> [Available records]
━━━━━━━━

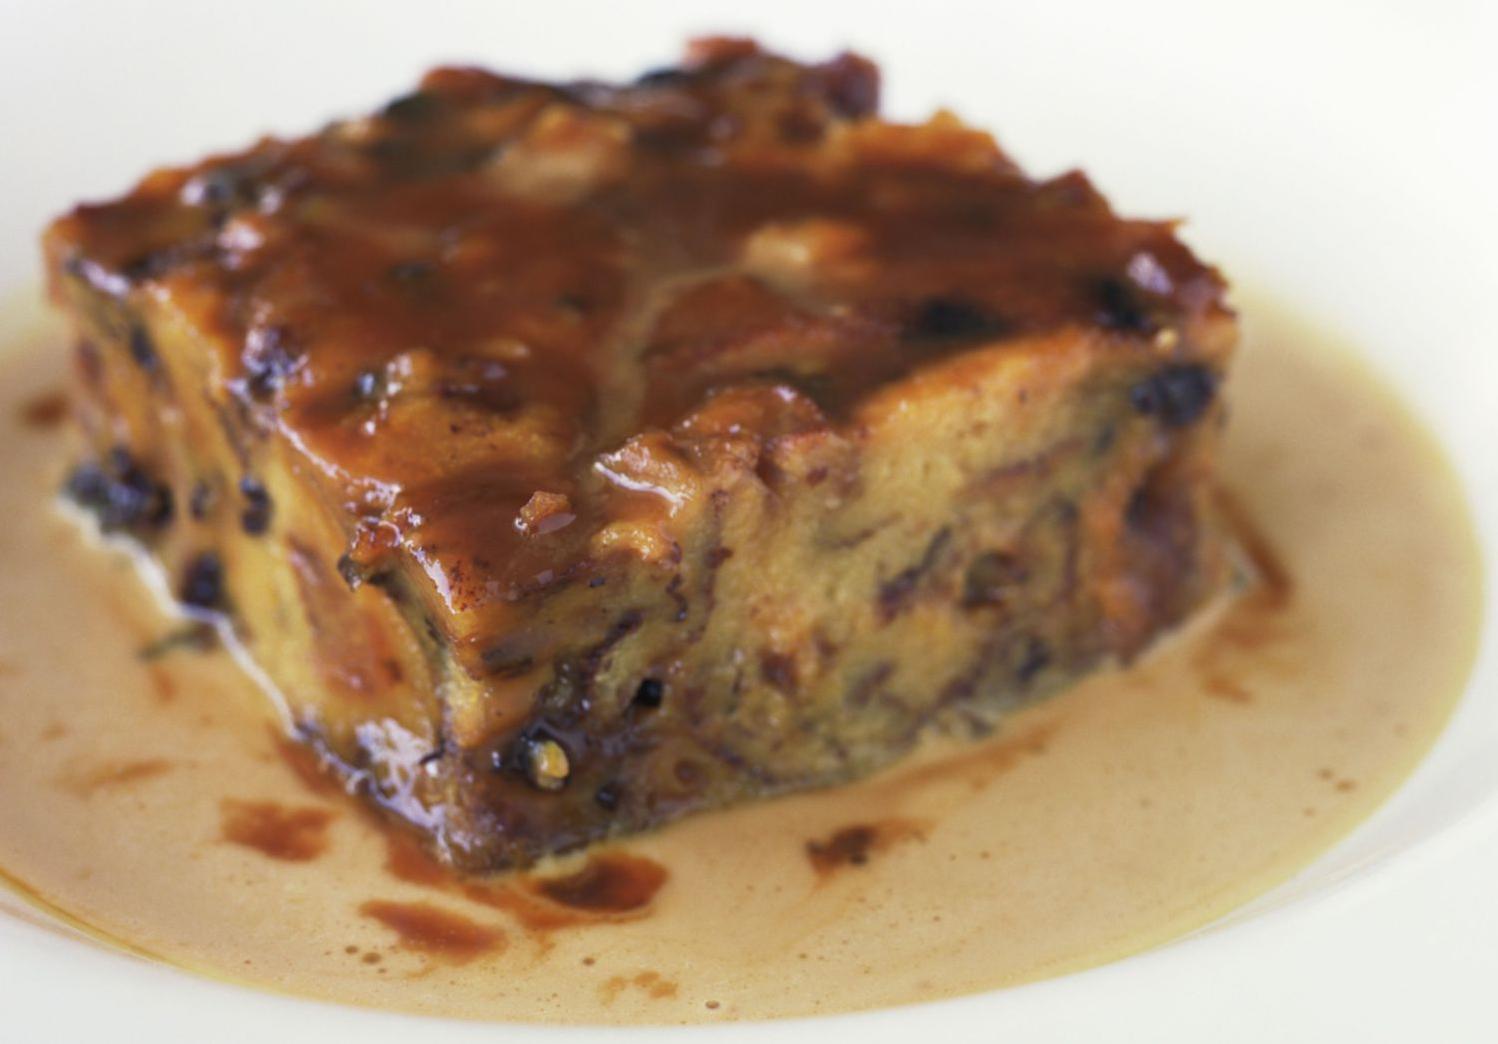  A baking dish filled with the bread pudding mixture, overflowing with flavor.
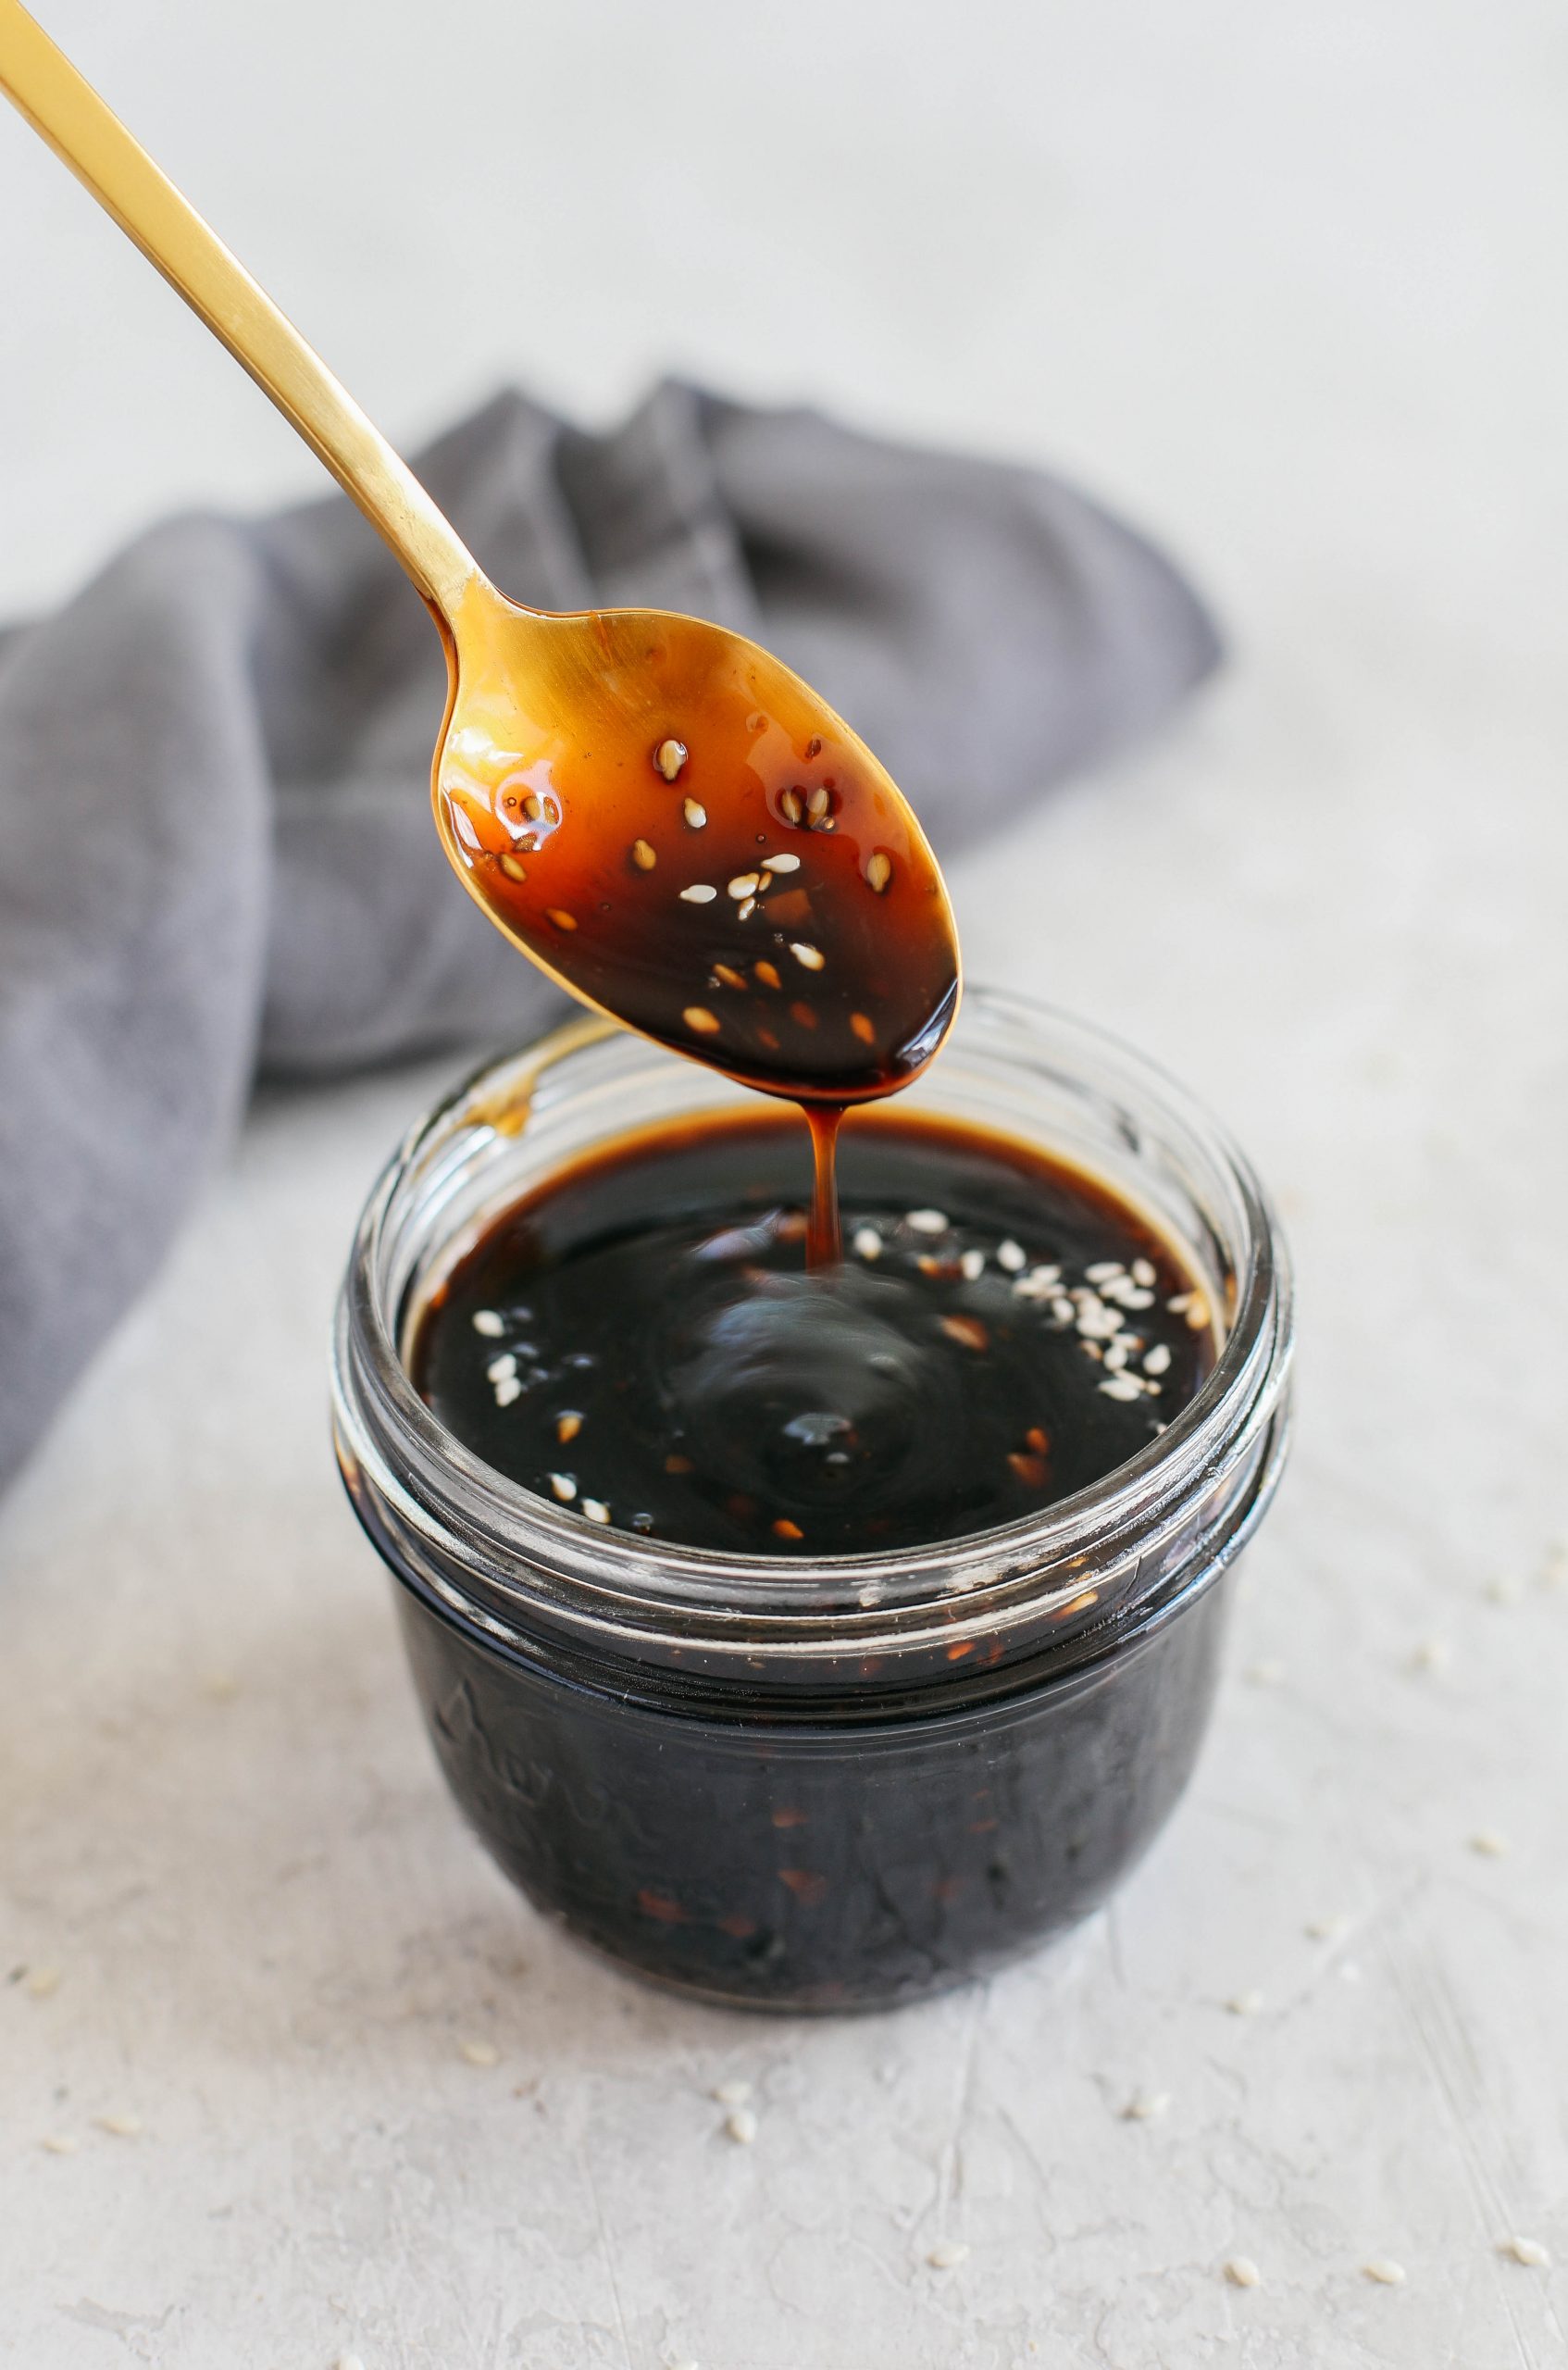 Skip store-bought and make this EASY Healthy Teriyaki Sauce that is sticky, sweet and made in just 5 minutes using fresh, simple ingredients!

━━━━━━━━

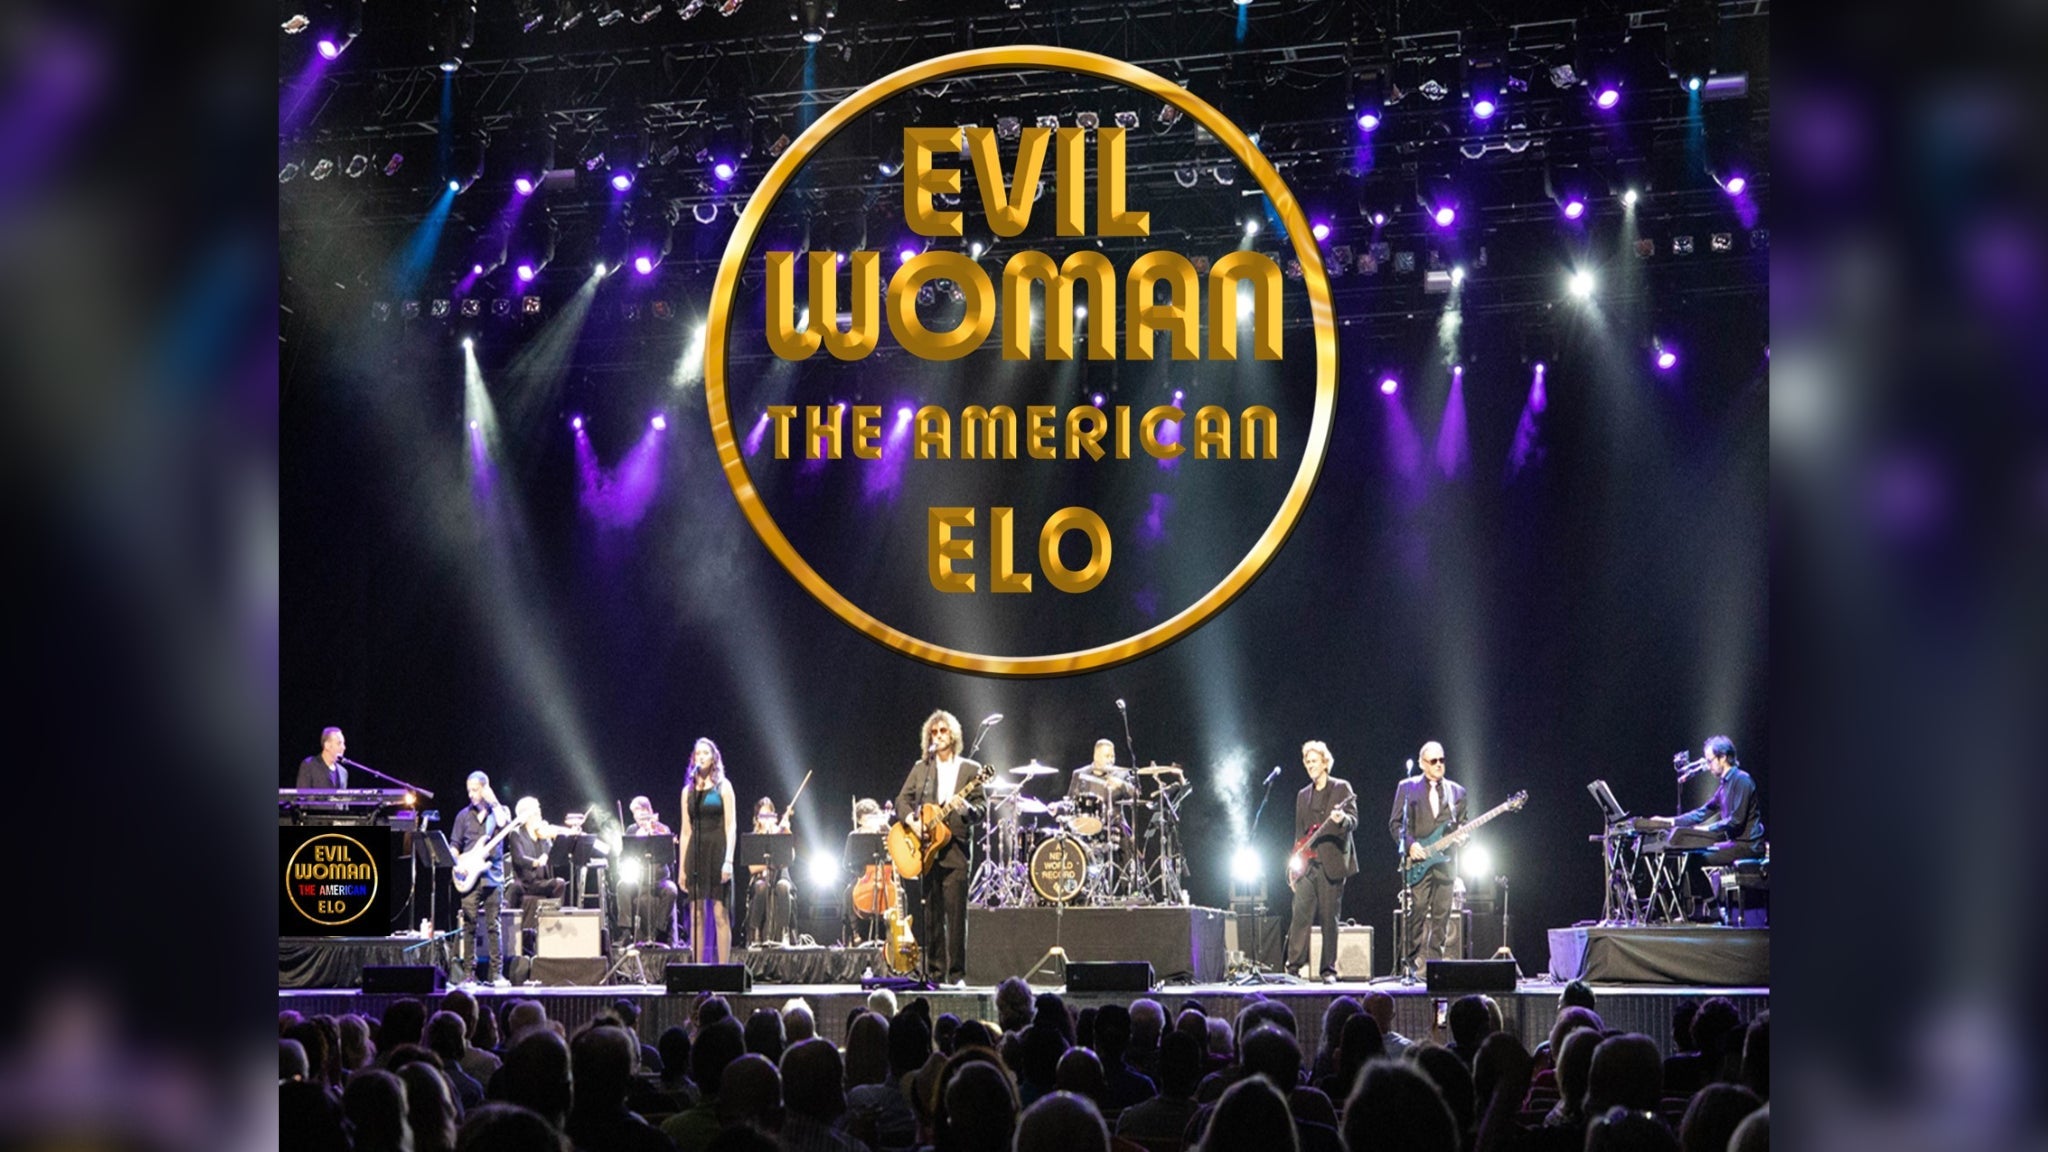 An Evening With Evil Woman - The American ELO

━━━━━━━━

> [Work required] In the listing above, the required lines run from the line with "A baking dish" through the line with "Skip store-bought and". Output exactly those lines, omitting pictures.

> [Exercise response]
  A baking dish filled with the bread pudding mixture, overflowing with flavor.
 Skip store-bought and make this EASY Healthy Teriyaki Sauce that is sticky, sweet and made in just 5 minutes using fresh, simple ingredients!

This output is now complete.